November 29, 2014
A chorus girl is not a chorus girl in my hands. I take her, and I multiply her by the hundreds. My sense of eros is not sleeping with one, or two, but hundreds. And when I sleep, I mean deep penetrating sleep. I never want to wake-up from the dreams that I formed half-awake. There are some who bring poetry to a pretty girl, but I bring pretty girls to poetry. It’s the least I can do, and if I can do it in a large warehouse in Burbank, with me on a camera crane, many feet up, looking down into these great beauties, and present that series of moments to you, dear reader, then I did my job properly.

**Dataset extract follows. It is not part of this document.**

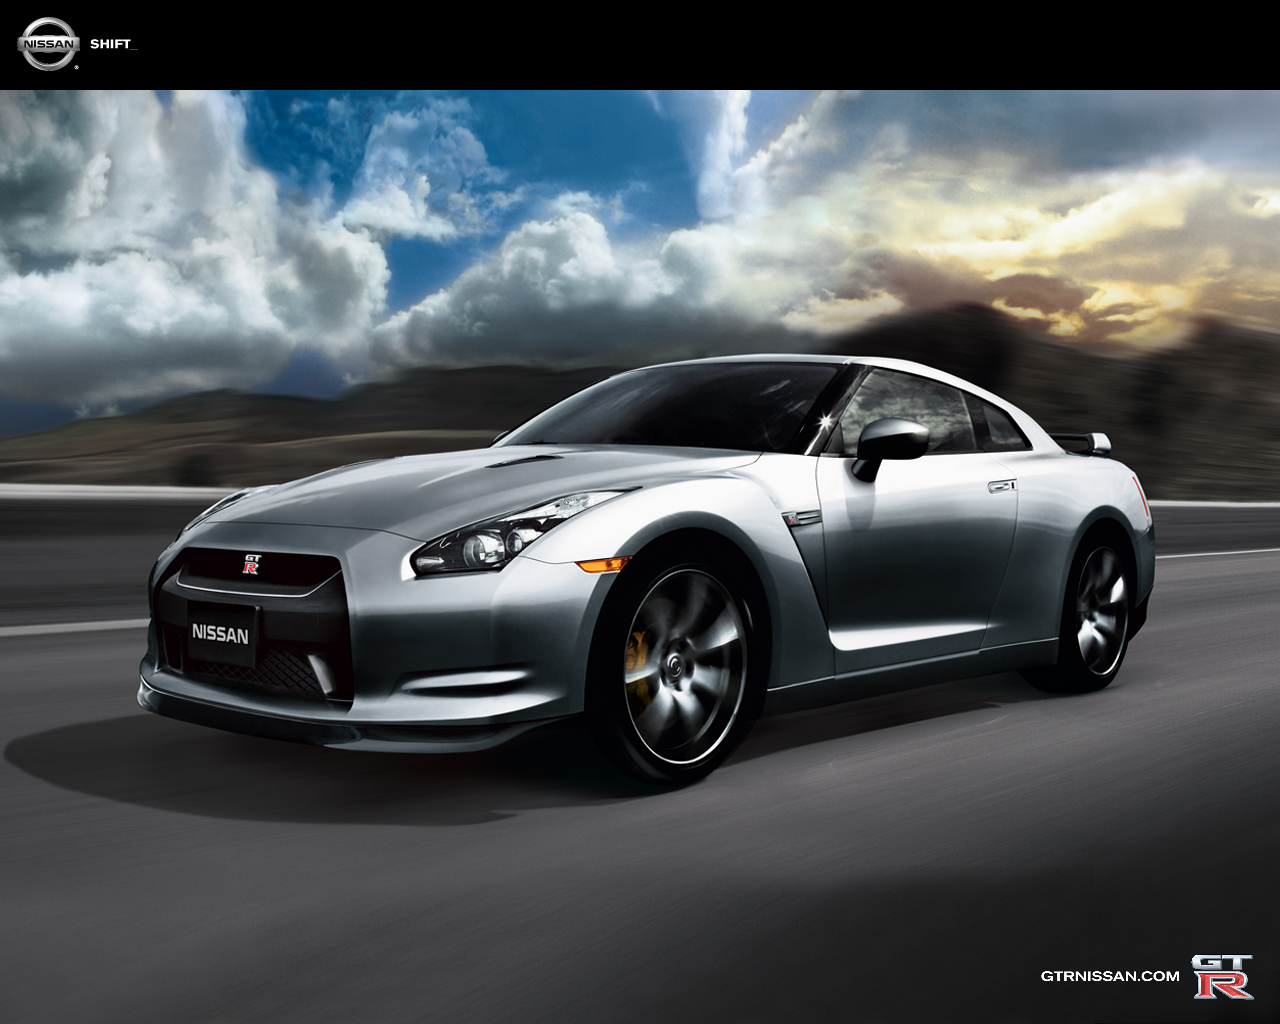 Gtr Image Gallery Exterior Wallpaper X Cars Background HD

Some are used by the movie studio system, but speaking for myself, I use the movie studio system for my precise work. I need the system to do what I have to do. In fact, the problem is when I’m not working in the system, I have a tendency to fall off the map. As long as I’m in the studio and I have my girls in front of the camera, I’m perfectly OK. Otherwise, and out of the studio, I’m a mess.

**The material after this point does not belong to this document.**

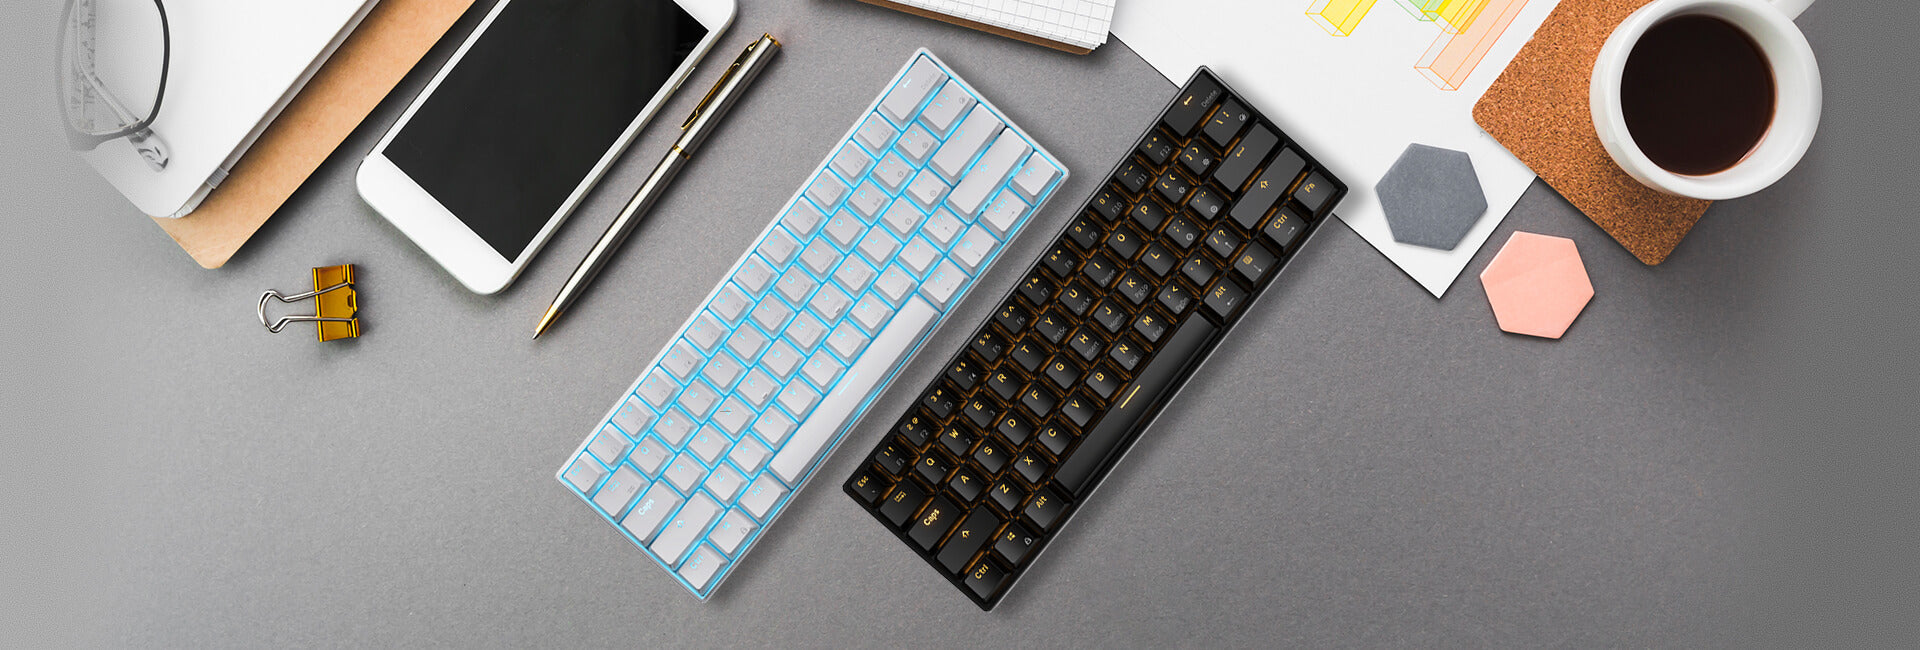 RK61 60 hot swappable keyboard Open-Box

Behind the camera crane, yes, but behind a driving wheel, I recommend that you get out of my way. When I’m on the open road, and then finding that road ain’t that open, well, people will die or get hurt. California State Route 1 is my destiny and anyone who is there at the same time as me, better buckle-up, because it is gonna be a ride to the very end.
Three people were killed and five were seriously injured. Heck, even I was hurt, and I was the driver! All-in-all, Ada Von Brieson, her son William Von Briton, and Dorothea Daly died in the crash. What happened was there was or is a line dividing the highway, and I somehow either lost that line, or it disappeared, or something like that. Which is ironic, because my day job is to make sure the girls are in line and they stay in line. Yet, I somehow failed myself in this type of choreography. I’ll never be able to see a landscape again that is made from my perfect designs - instead I see the crushed metal of the cars, the twisted bloody bodies on the pavement and I think to myself, that this is the other side of my personality. My fear of dis-organization, chaos, dis-order, anarchy, destruction… it is truly me. My fear is my aesthetic. If I can take a group of beauties and form patterns, it is almost like a math problem. 1 + 1 = 2. But if something disrupts the formula, then I go totally out of whack, and that ain’t a good thing, believe me my brother and sister.
I only exist when the world is found to be in disorder. My skill is to put some sort of design or order to the landscape, that is our world, or the world I want to make. I can’t do that, without the assistance of the Studio System. Without it, I’m a drunk driver speeding on the Pacific Coast Highway.